Input data: Begin

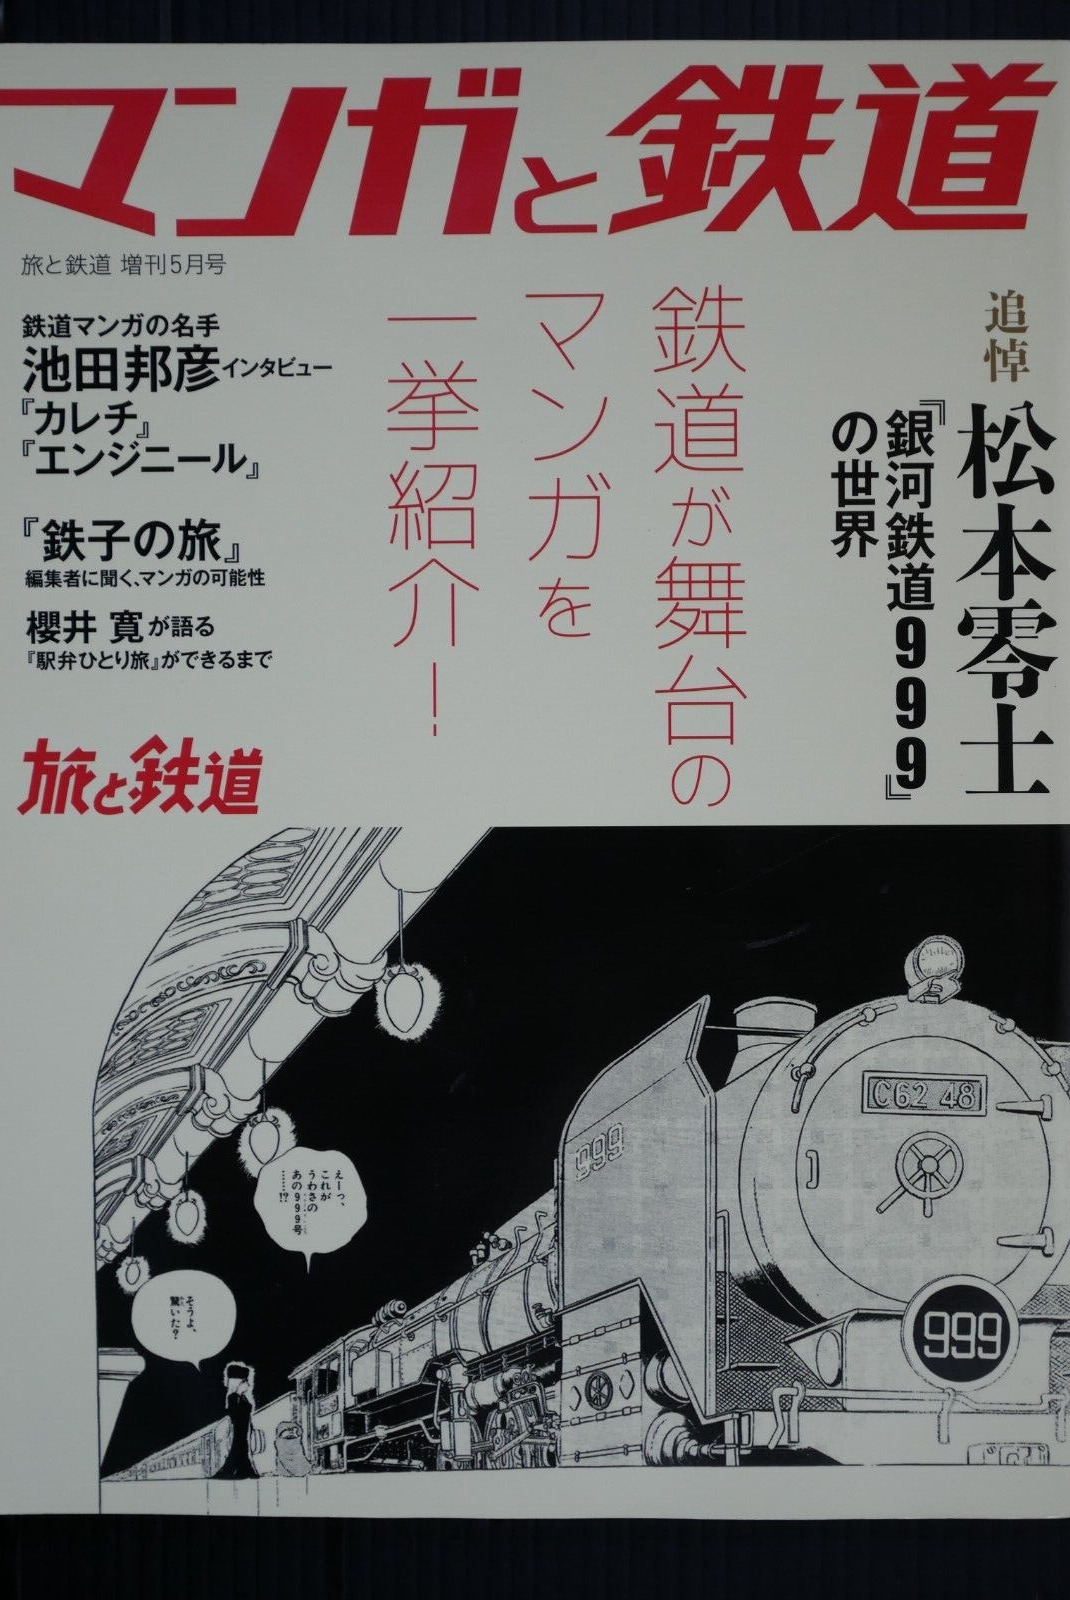 Travel and Railway 2023 May (Magazine) Manga & Railways, Leiji Matsumoto JAPAN
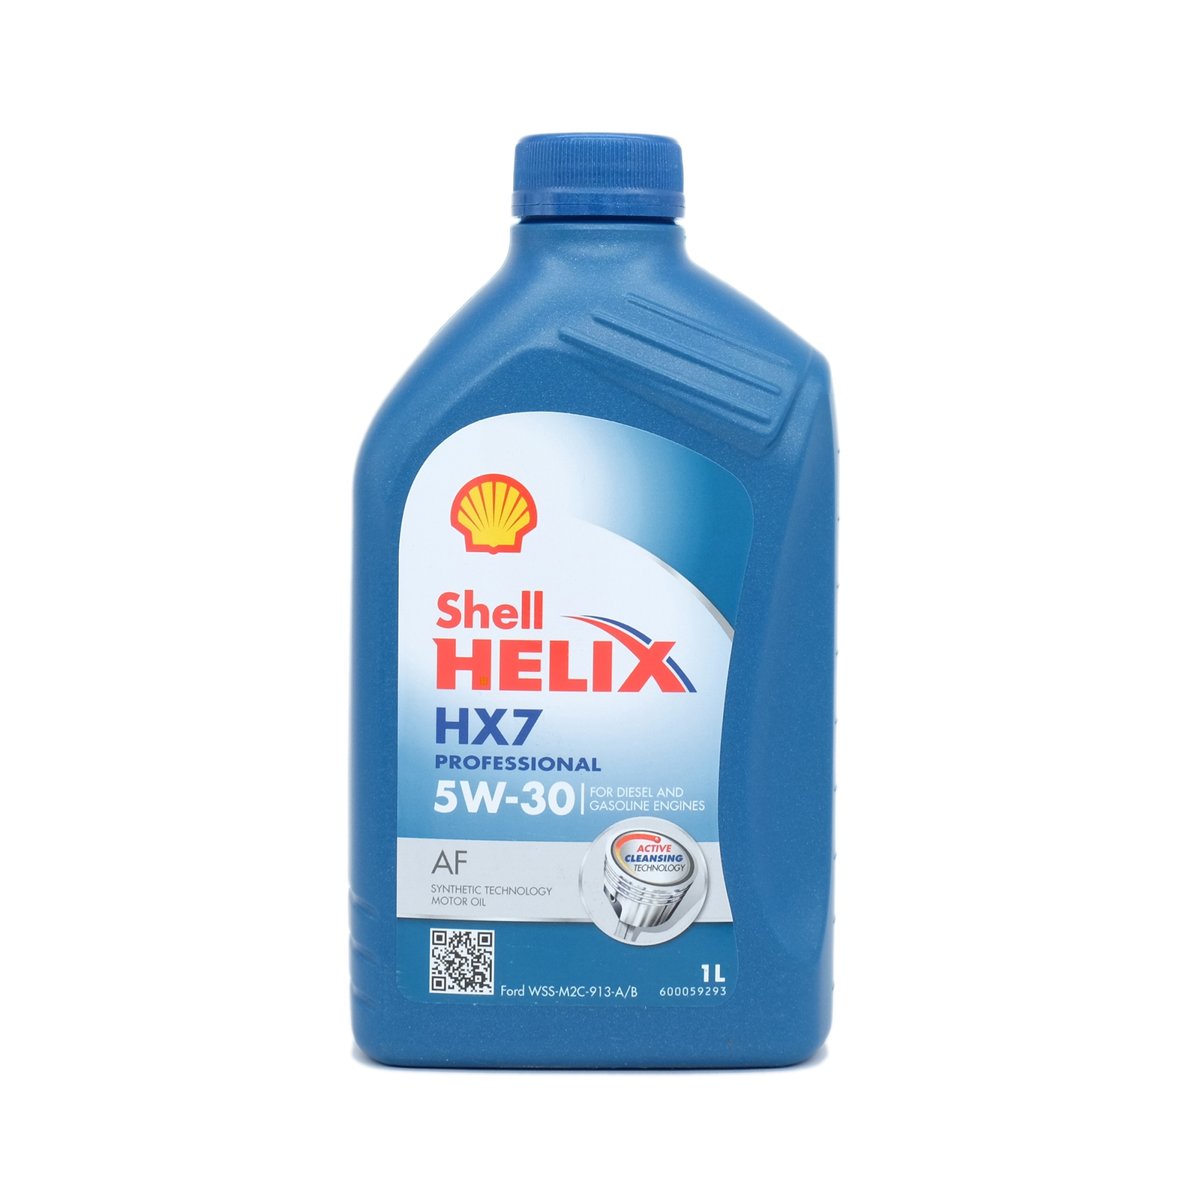 Zdjęcia - Olej silnikowy Shell Helix Hx7 Professional Af 5W-30 (1L) 
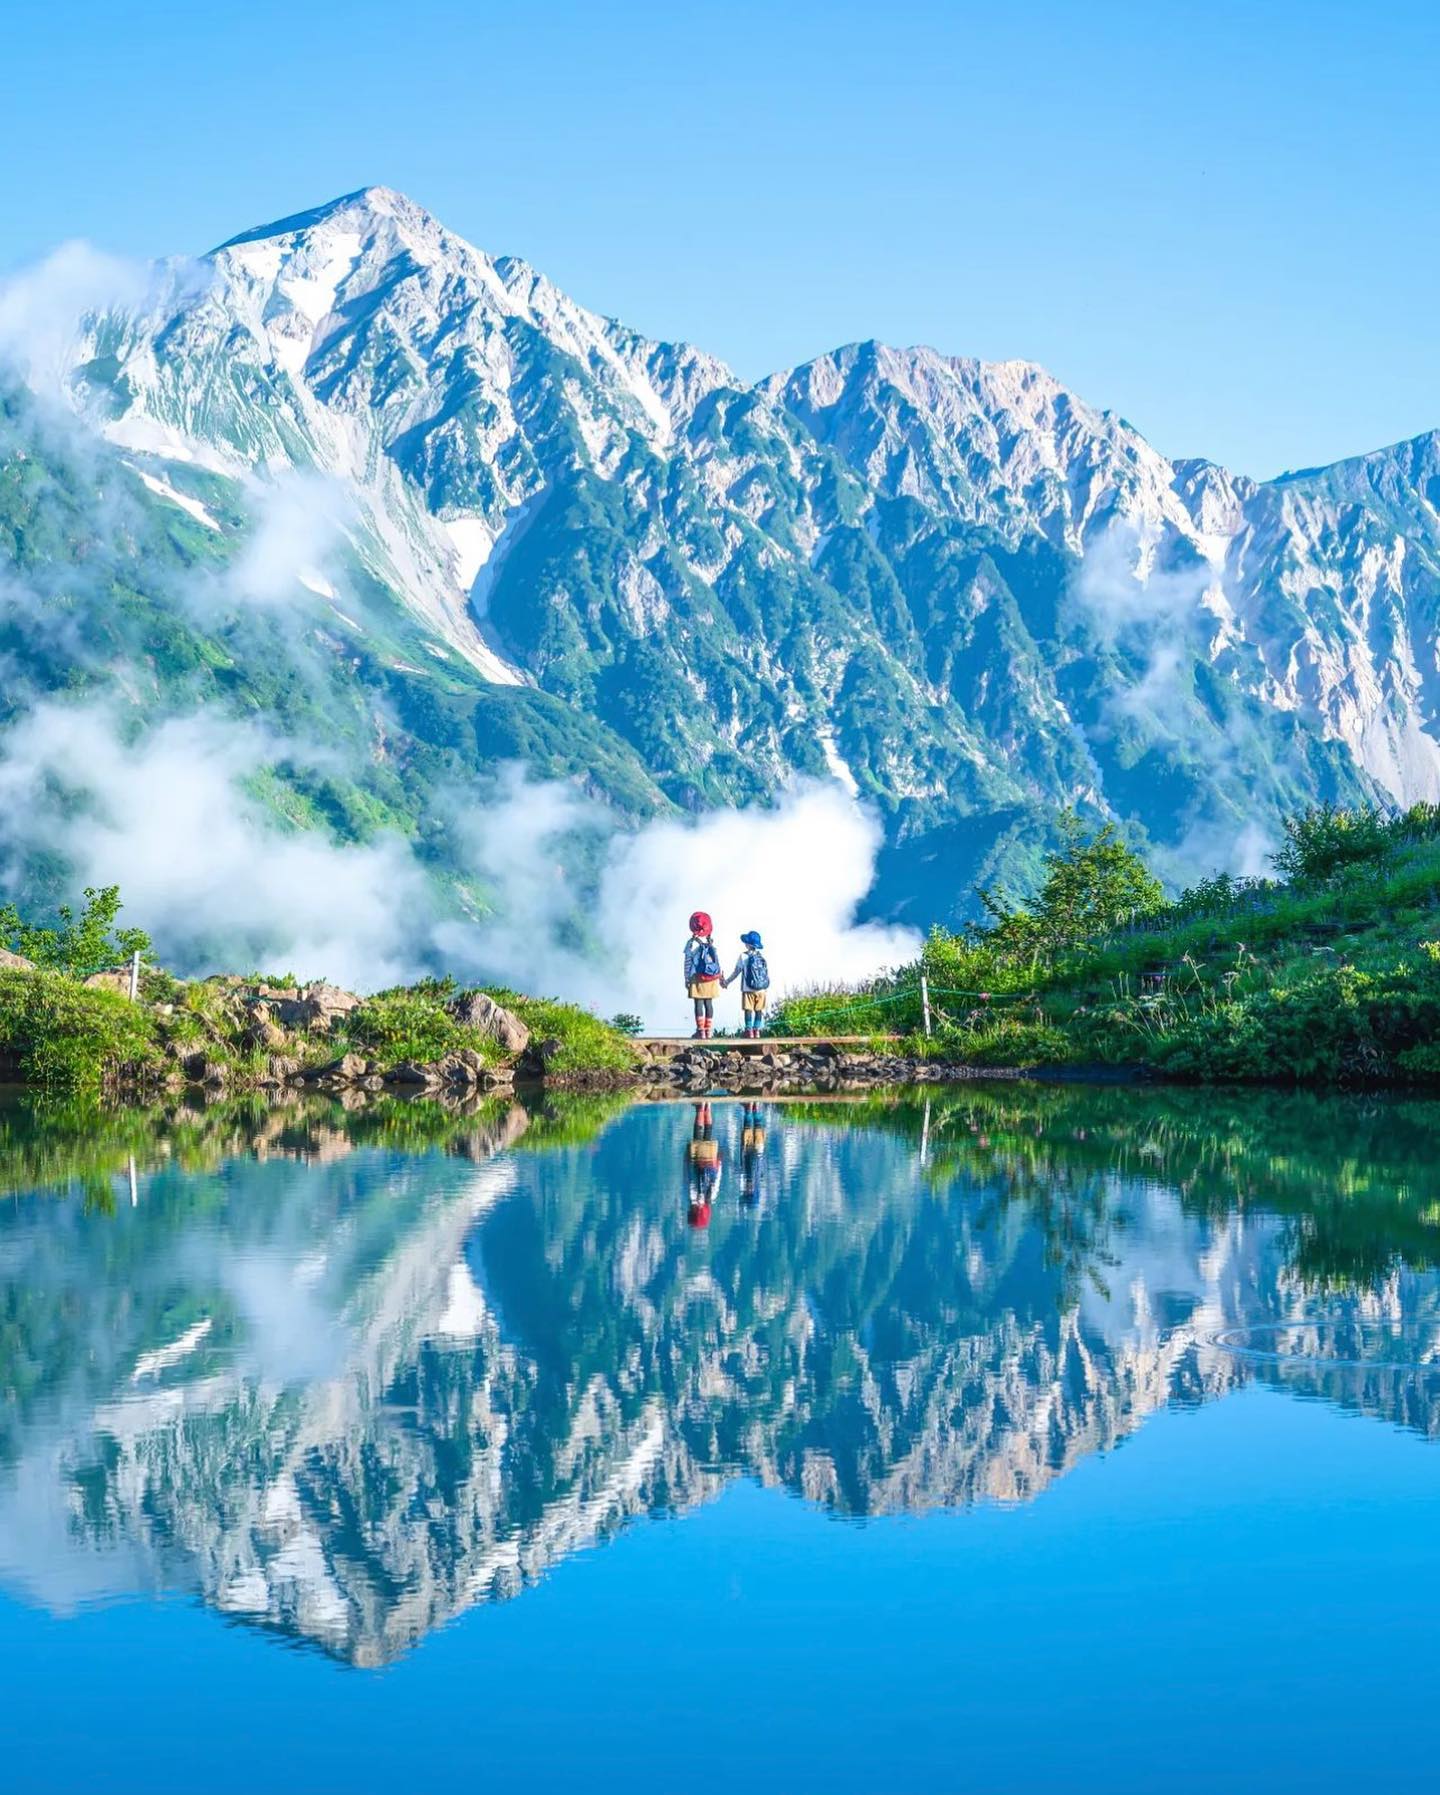 🇯🇵 【長野 Nagano】白馬 八方池
⛰️ 八方池是白馬岳最知名的絕景之一。水池位於海拔2060多米，無風時如同一面巨大的鏡子，能完美倒映著白馬連峰
❤️八方池四季有不同美景，秋天可以欣賞火紅楓葉，初夏則能一覽殘雪餘存的銀白世界，昂景色非常壯觀，是日本中部地區最具代表性的攝影地點
📷credit@kaji_nori06#japantravel #nagano #hakuba #長野旅行 #白馬八方池 #八方池 #把世界當教室🌍 #travelwithmikeanna

Input data: End

» **Instructions for the task**: The records above should be returned word for word, with every picture left out.

» **Written response**:
 Travel and Railway 2023 May (Magazine) Manga & Railways, Leiji Matsumoto JAPAN
 Zdjęcia - Olej silnikowy Shell Helix Hx7 Professional Af 5W-30 (1L) 
 🇯🇵 【長野 Nagano】白馬 八方池
⛰️ 八方池是白馬岳最知名的絕景之一。水池位於海拔2060多米，無風時如同一面巨大的鏡子，能完美倒映著白馬連峰
❤️八方池四季有不同美景，秋天可以欣賞火紅楓葉，初夏則能一覽殘雪餘存的銀白世界，昂景色非常壯觀，是日本中部地區最具代表性的攝影地點
📷credit@kaji_nori06#japantravel #nagano #hakuba #長野旅行 #白馬八方池 #八方池 #把世界當教室🌍 #travelwithmikeanna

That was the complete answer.